The aluminum plate mounted to the end-effector flange served to hold the retro-reflective markers (for optical tracking) and the IMU board rigid with respect to the robot’s end-effector. The IMU reported its samples to an Arduino Mega microcontroller using the I $^2$ C digital communication protocol. Software was written to command the robot along the desired optimal trajectory. Additionally, separate data collection software was written to simultaneously record the robot’s joint values (via MATLAB’s ROS toolbox) and the IMU sensor readings (via MATLAB’S serial interface).

Figure 9. Experimental setup to test our calibration method’s ability to improve accuracy of the robot and sensor models. An aluminum plate with a Bosch BNO055 IMU and optical tracking spheres is mounted to the end-effector of an AUBO i5 industrial collaborative robot. The NDI Polaris Vega optical tracker is used for ground truth data acquisition only to evaluate our calibration method’s ability to improve robot and sensor accuracy.

The robot was first commanded along the optimal trajectory while recording its joint values and the sensor readings on a separate PC. This information was then used to infer $\boldsymbol{\theta }$ and thus the model parameters $\boldsymbol{{x}}$ using (22). The resulting values are shown alongside their nominal counterparts in Table II. Based on the results of our numerical experiments in Section 8, in our real experiments, we made the choice to exclude robot length parameters from the calibration. This was achieved by setting their prior covariances to small numbers so that they would not be updated by calibration. Therefore, only the updated robot angle parameters are shown in Table II. This limitation of our method is discussed thoroughly in Section 10. To test the convergence of the algorithm on experimental data, we additionally subdivided the full 5 min of data to perform five 1-min calibrations. The maximum differences between these five calibrations and the values in Table II were 0.36 $^\circ$ for $\boldsymbol{\epsilon }$ , 0.036 m/s $^2$ for $\boldsymbol{{g}}_{xy}$ , 0.0029 s for $\tau$ , 0.30 $^\circ$ for $\boldsymbol{\gamma }_a$ , 0.33 $^\circ$ for $\boldsymbol{{r}}_a$ , 0.0028 for $\boldsymbol{{k}}_a$ , 0.0402 m/s $^2$ for $\boldsymbol{{b}}_a$ , 0.22 $^\circ$ for $\boldsymbol{\gamma }_\omega$ , 0.0621 $^\circ$ for $\boldsymbol{{r}}_\omega$ , 0.00082 for $\boldsymbol{{k}}_\omega$ , and 0.0158 $^\circ$ /s for $\boldsymbol{{b}}_\omega$ .

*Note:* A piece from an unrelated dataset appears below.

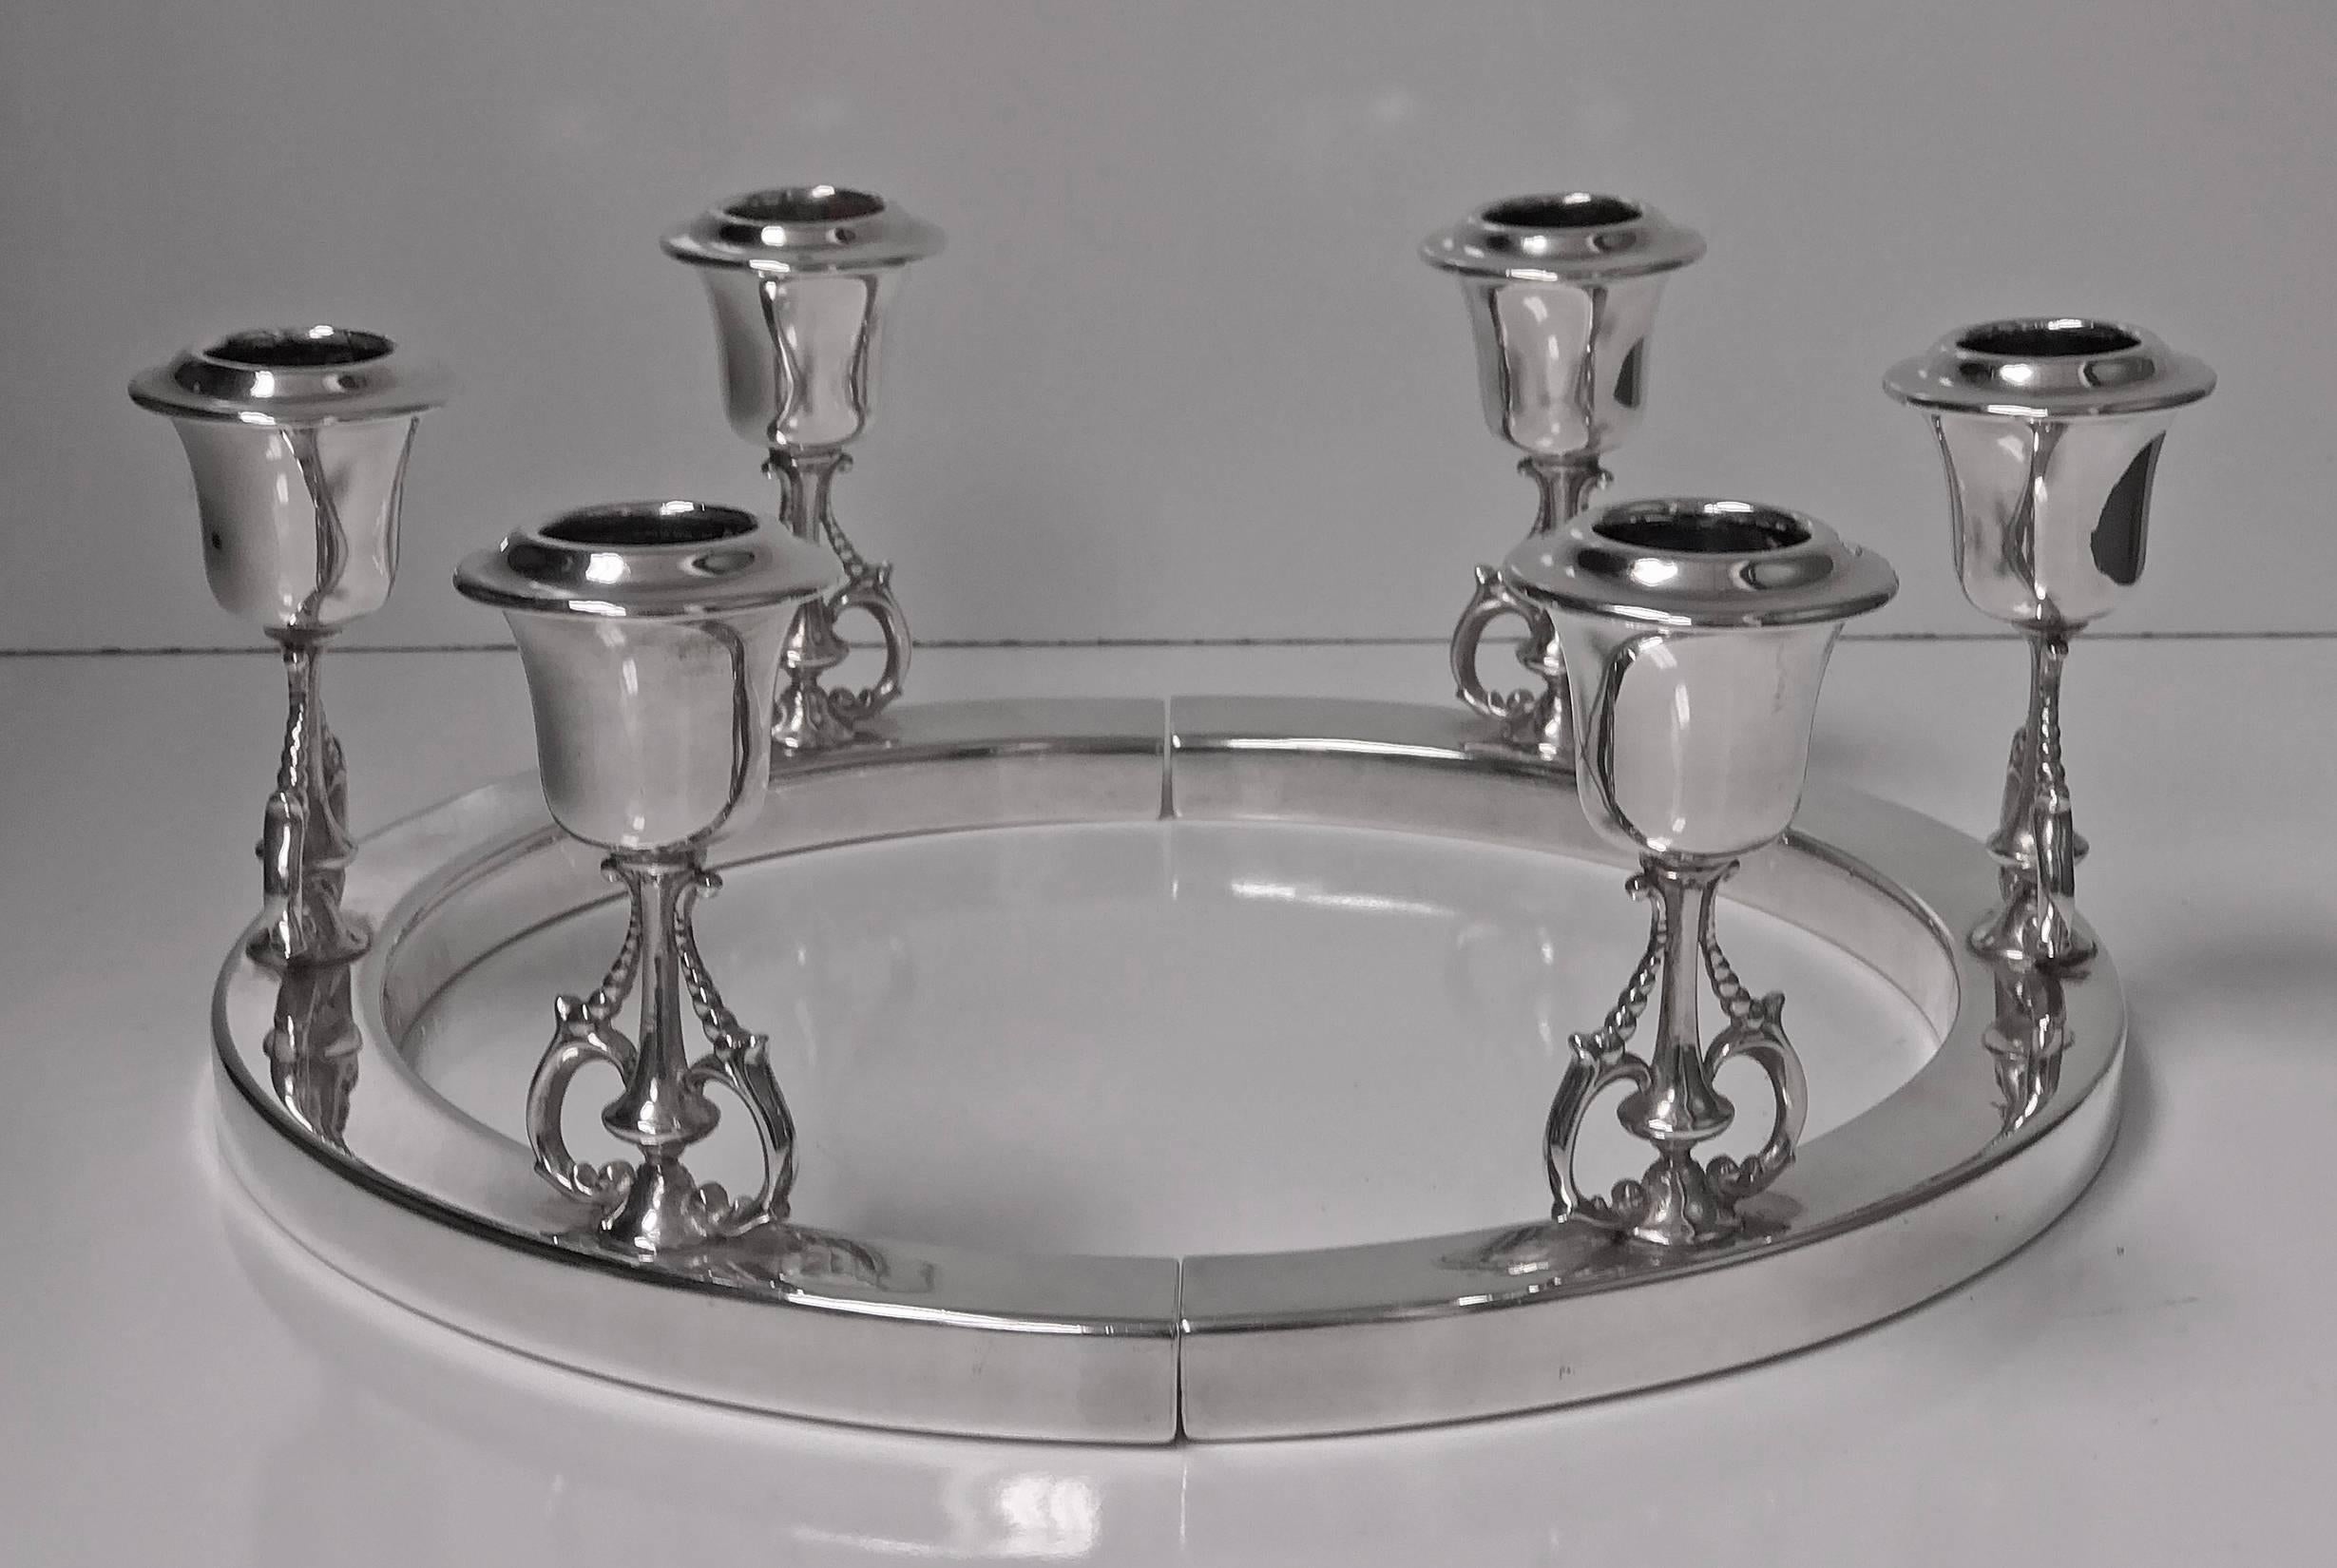 Pair of Art Deco American sterling candelabra candlesticks, New York, circa 1925, A.L. Wagner & Son. The candelabra of modernistic ‘Scandinavian’ design, each of a hemi spherical shape, together forming a fully rounded artistic design, on two hemi

Following the identification procedure, we began the robot accuracy evaluation process. The robot was next commanded to 250 discrete configurations for robot accuracy evaluation. Once at a configuration, the pose of the end-effector was sampled for 3 s. The poses at a particular configuration were then averaged using the quaternion-based rotation averaging algorithm [Reference Markley, Cheng, Crassidis and Oshman47].

To verify our method’s ability to identify robot parameters, we performed a standard robot calibration [Reference Meggiolaro and Dubowsky38] using 150 of the 250 collected poses. Note that because our method could not calibrate length parameters precisely in our setup, length parameters were also excluded in the standard calibration. The standard calibration values are shown alongside our calibration values in Table II. The constant transforms $T^{\text{tracker}}_{\text{robot}}$ and $T^{\text{markers}}_{\text{end effector}}$ necessary for evaluating robot accuracy were then extracted from the standard calibration.

To test our method’s ability to improve robot accuracy, the remaining 100 poses were used to compute accuracy using nominal parameters, our calibration parameters, and the standard calibration parameters. The positional accuracy was computed using the standard Euclidean norm between the tracker-measured and model-predicted end-effector positions. The rotational accuracy was taken as the standard minimal geodesic distance between the measured and predicted end-effector rotations, $R_{\text{meas}}$ and $R_{\text{pred}}$ . In other words, the rotation error is defined as the angle of the rotation $R_{\text{meas}}^\intercal R_{\text{pred}}$ . These robot translation and rotation accuracy results are shown in Fig. 10.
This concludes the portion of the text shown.